Russian groups reportedly placed dark posts on Facebook referencing the Black Lives Matter movement to inflame racial tension in Ferguson, Mo., and Baltimore.
Currently, no law requires such ads to disclose who paid for them, what other ads or issues they promote, whom the ads were directed at and for how long. Such information is readily available on other mediums such as TV to ensure voters aren't being misled or manipulated.
Senate democrats Amy Klobuchar of Minnesota and Mark Warner of Virginia unveiled legislation Thursday called the Honest Ads Act, which would make political ads on social media subject to the same rules as on traditional media.
"As the technology companies continue to grow in the political advertising space, the importance of greater transparency and disclosure will only grow along with it," said Rep. Adam Schiff, the ranking Democrat on the House Intelligence Committee, who favors regulating political ads online.
There is no evidence the Russian ads were linked to the Trump campaign. But there's a strong belief in some quarters that Facebook was a difference maker in helping Trump take the White House through persuasion and fundraising.
Trump's digital team was able to fire up new support and amass $240 million in small donations, mostly through Facebook, at a cost of $94 million.

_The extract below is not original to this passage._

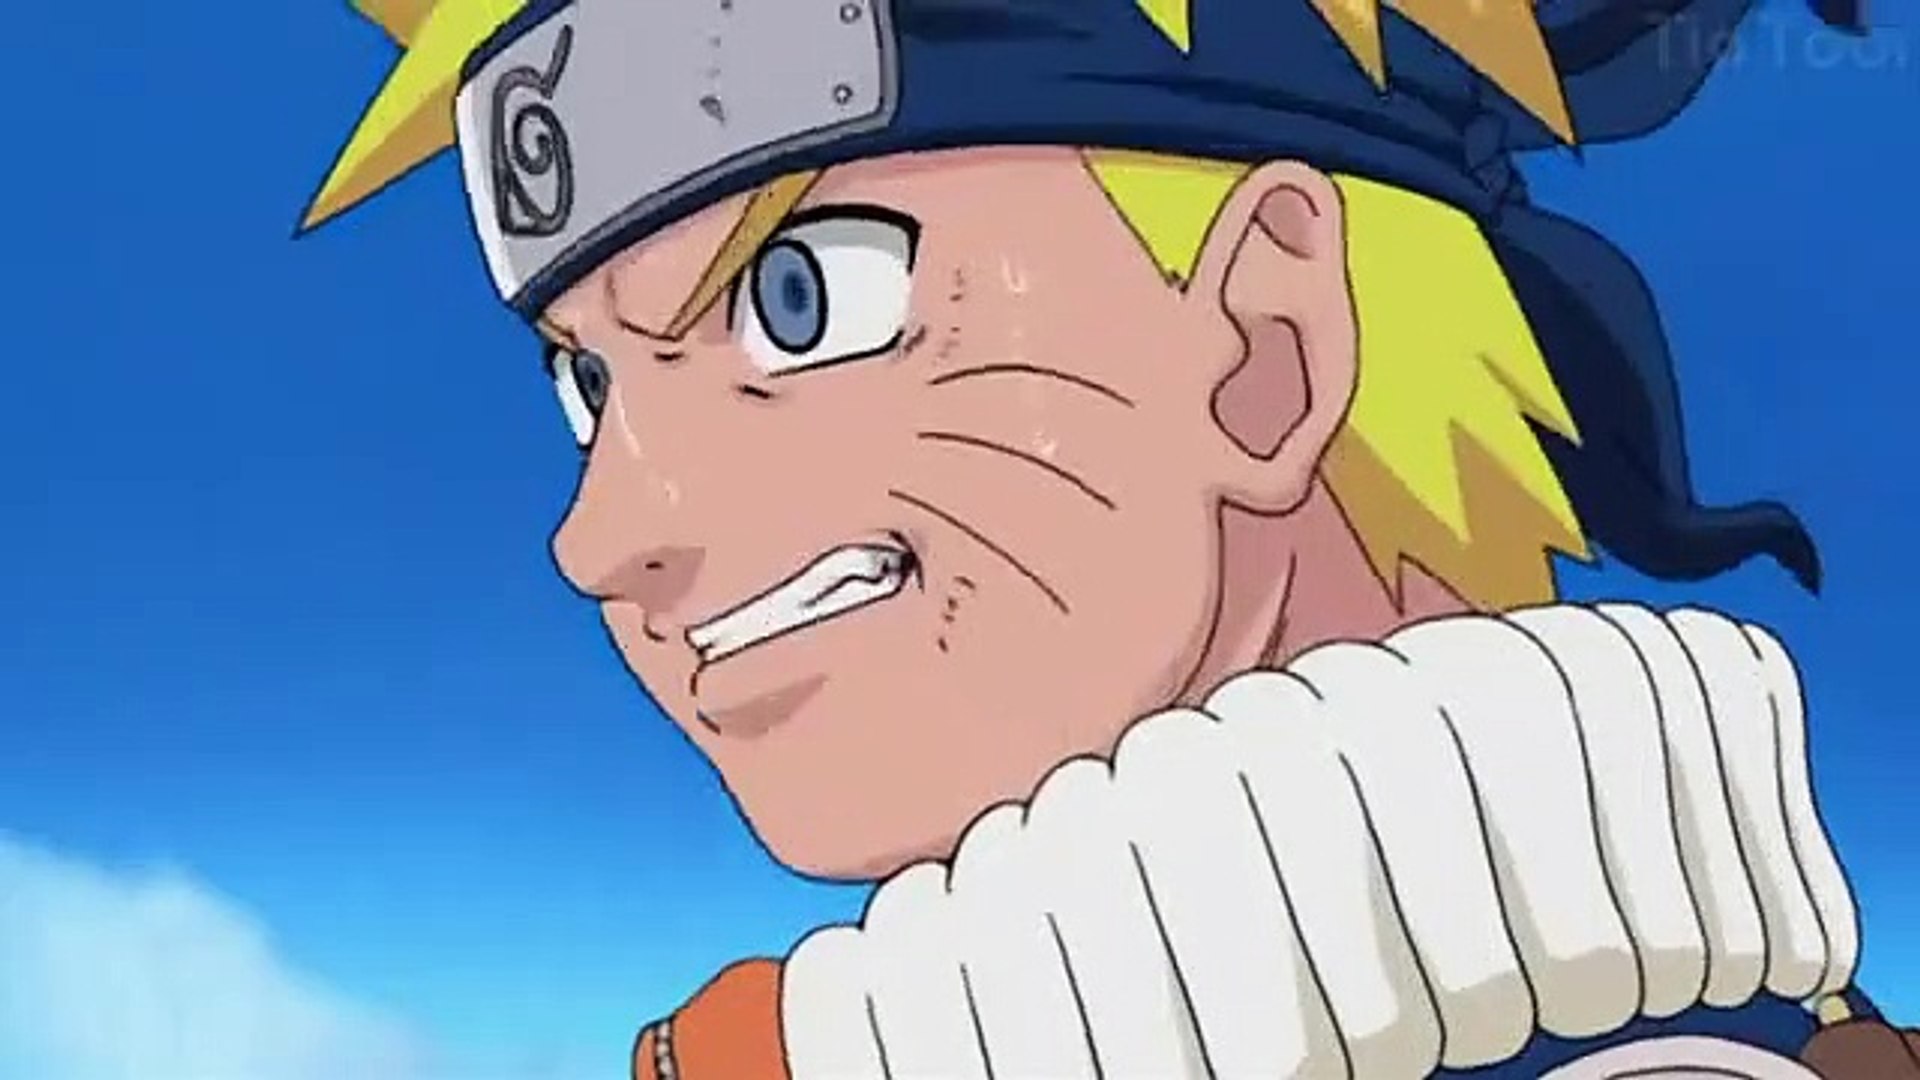 Naruto vs Sasuke Dublado - Naruto Shippuden Dublado - Bilibili

That's about 20% better than a typical return on investment in digital campaigns, industry officials said.
"I understood early that Facebook was how Donald Trump was going to win," Brad Parscale, the Trump campaign's digital director, told CBS' "60 Minutes" this month. "Twitter is how he talked to the people. Facebook was going to be how he won."
Parscale even said Facebook embedded Republican employees in the Trump campaign to help them maximize the platform's potential. Facebook reportedly offered the same level of support to the Clinton campaign but was turned down.
Facebook did not reply to requests for comment.
David Karpf, an associate professor at George Washington University and author of "Analytic Activism: Digital Listening and the New Political Strategy," said it would have been fair to refuse Facebook's assistance based on the social network's performance in the 2014 election cycle.
But by 2016, Facebook's data were exponentially more robust and precise at prospecting for would-be supporters and donors. The Trump team, unburdened by expectations, took a chance.
"It sounds like Facebook went to both campaigns and said they had magic beans," Karpf said. "The Clinton team said, 'We'll pass, we've seen the returns,' and Parscale and the Trump team said 'Magic beans? Take my money.' We can call it dumb luck or stumbling into innovation."
The response from both parties, despite the likelihood voters were manipulated by a foreign nation state, will be to spend more on the world's biggest social network and other social media platforms.
"We certainly hope Democratic campaigns spend more on digital advertising this cycle but not because of Russia," said Patrick McHugh, executive director of Priorities USA, a Democratic super PAC. "It's just the smart thing to do if you want to win elections."